Now a slight modification is made (a margin m is introduced) to the exponential of the dot product of the correct class only (Fig. 5 (2)), to make the loss more stricter [7]. This will force the model to learn even better feature representations.

Finally, a scaling term (s) is multiplied to all the exponentials to get the loss function in Fig. 6 (1). AMS stands for Angular Margin Softmax loss. The authors of PatchNet have used different margins (ml, ms) for Live and Spoof classes which makes the loss function asymmetric, thus the final loss function, Fig. 6 (2), is called Asymmetric Angular Margin Softmax Loss.

Metrics of Success:

As this is Spoof Classification task, so Spoof is considered the Positive Class.

TP: #Spoof samples classified as Spoof.
TN: #Live samples classified as Live.
FP: #Live samples classified as Spoof.
FN: #Spoof samples classified as Live.

Attack Presentation Classification Error Rate (APCER ) = FN / (TP + FN)
Proportion of Attack samples classified as Bonafide.
Bonafide Presentation Classification Error Rate (BPCER ) = FP/(FP + TN)
Proportion of Bonafide samples classified as Attack.
Average Classification Error Rate (ACER) = APCER + BPCER / 2

Results Section:

Fig. 7 Results on Intra-dataset testing (a) SiW dataset [3], (b) OULU-NPU dataset [4]

Results are evaluated under two schemes to validate the generalization ability of the proposed model.

(a) Intra Dataset testing: In this scheme, the model is trained and tested on the same dataset. However, there are several protocols within the dataset themselves to test the robustness of the model like using samples from unseen environment, unseen spoof mediums and unseen capture devices in the test set. PatchNet’s performance is the best or comparable to the best in all the protocols from both SiW and OULU-NLU dataset.

Fig. 8 Results on Cross-Dataset Testing: O(OULU-NLU), C(CASIA-FASD), I(Replay Attack)[5], M(MSU-MFSD)[6]

(a) Cross Dataset testing: In this scheme, the model is trained on one or more dataset but tested on a completely different dataset. This experiment establishes PatchNet’s capability to learn the required generalizable features.

References:

Zhang, Zhiwei, et al. “A face antispoofing database with diverse attacks.” 2012 5th IAPR international conference on Biometrics (ICB).
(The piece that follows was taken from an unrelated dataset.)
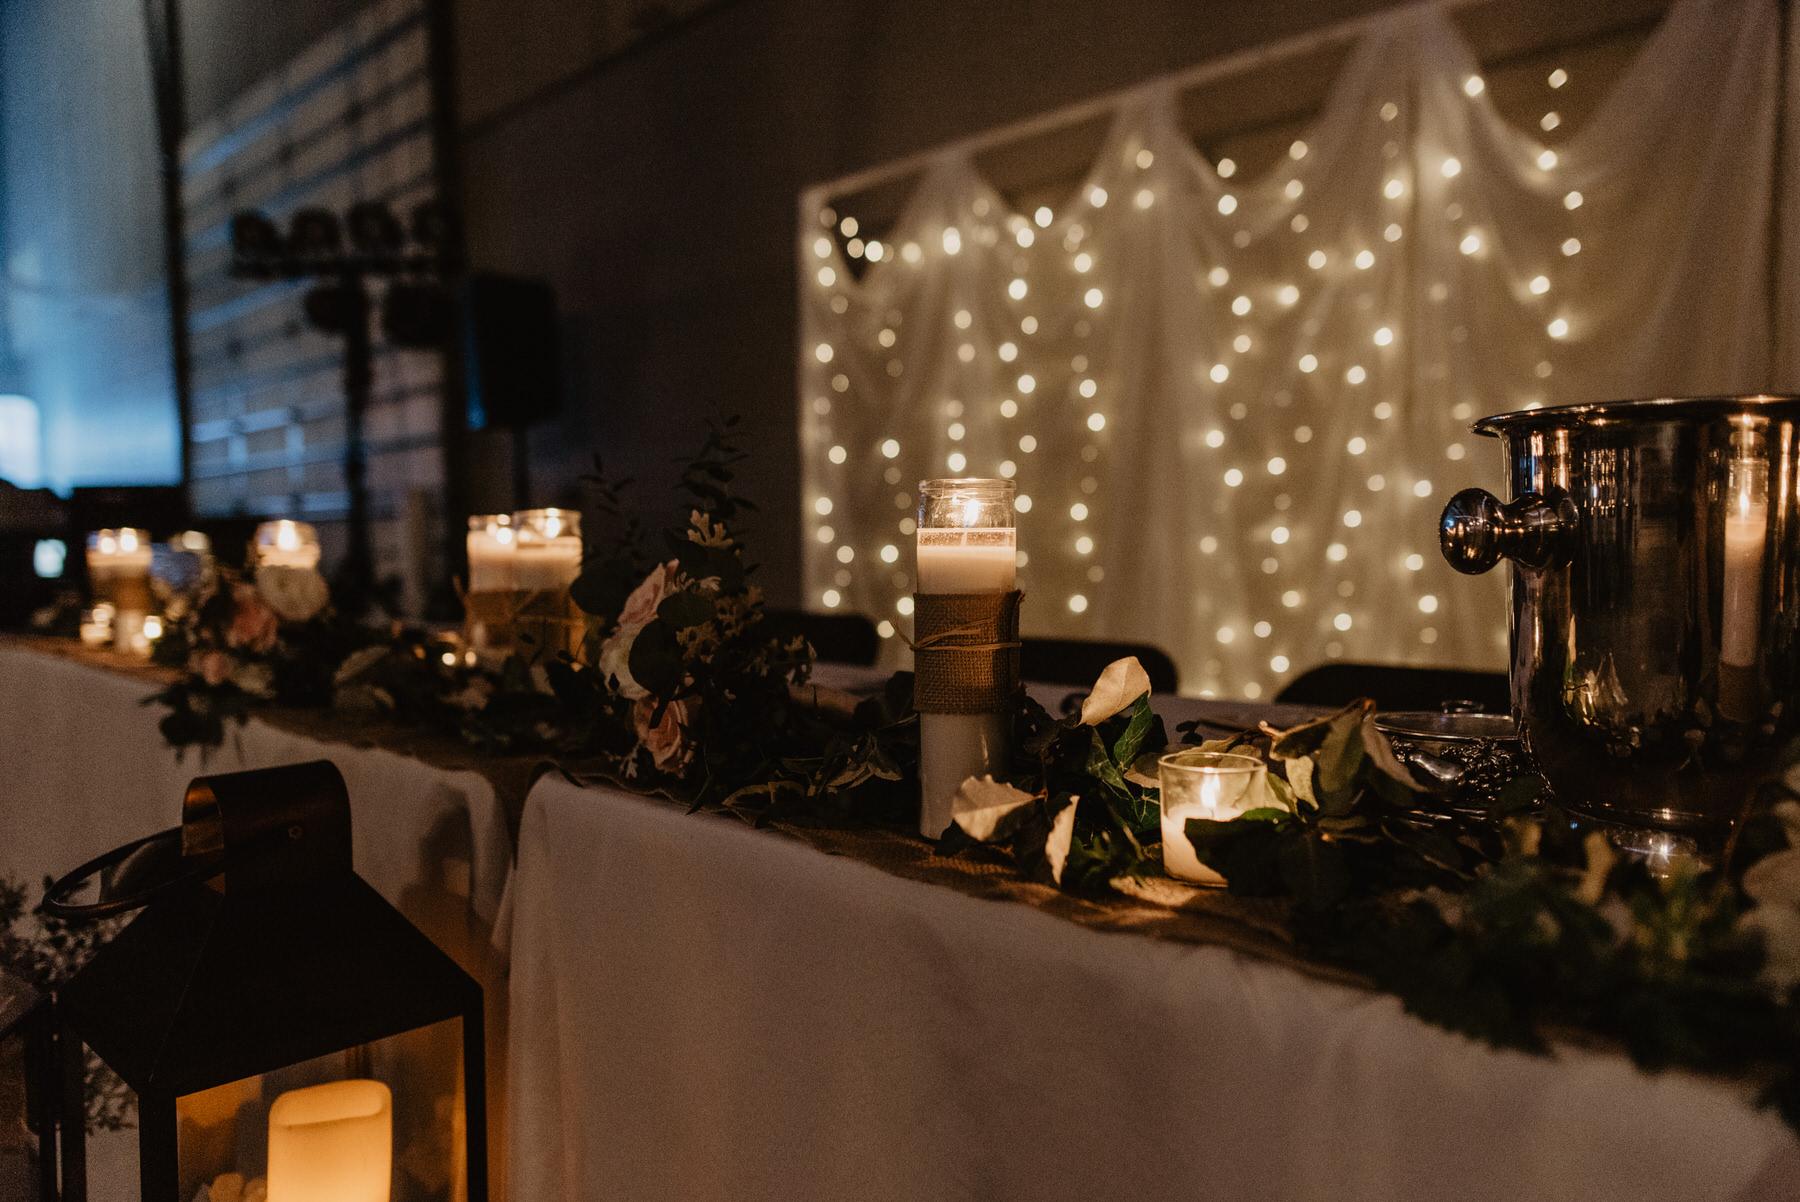 Kaylie-Sirek-Photography-Kearney-Nebraska-Wedding-104.jpg

IEEE, 2012.
Wang, Chien-Yi, et al. “PatchNet: A simple face anti-spoofing framework via fine-grained patch recognition.” Proceedings of the IEEE/CVF Conference on Computer Vision and Pattern Recognition. 2022.
Liu, Yaojie, Amin Jourabloo, and Xiaoming Liu. “Learning deep models for face anti-spoofing: Binary or auxiliary supervision.” Proceedings of the IEEE conference on computer vision and pattern recognition. 2018.
Boulkenafet, Zinelabinde, et al. “OULU-NPU: A mobile face presentation attack database with real-world variations.” 2017 12th IEEE international conference on automatic face & gesture recognition (FG 2017). IEEE, 2017.
Chingovska, Ivana, André Anjos, and Sébastien Marcel. “On the effectiveness of local binary patterns in face anti-spoofing.” 2012 BIOSIG-proceedings of the international conference of biometrics special interest group (BIOSIG). IEEE, 2012.
Wen, Di, Hu Han, and Anil K. Jain. “Face spoof detection with image distortion analysis.” IEEE Transactions on Information Forensics and Security 10.4 (2015): 746–761.
Wang, Feng, et al. “Additive margin softmax for face verification.” IEEE Signal Processing Letters 25.7 (2018): 926–930.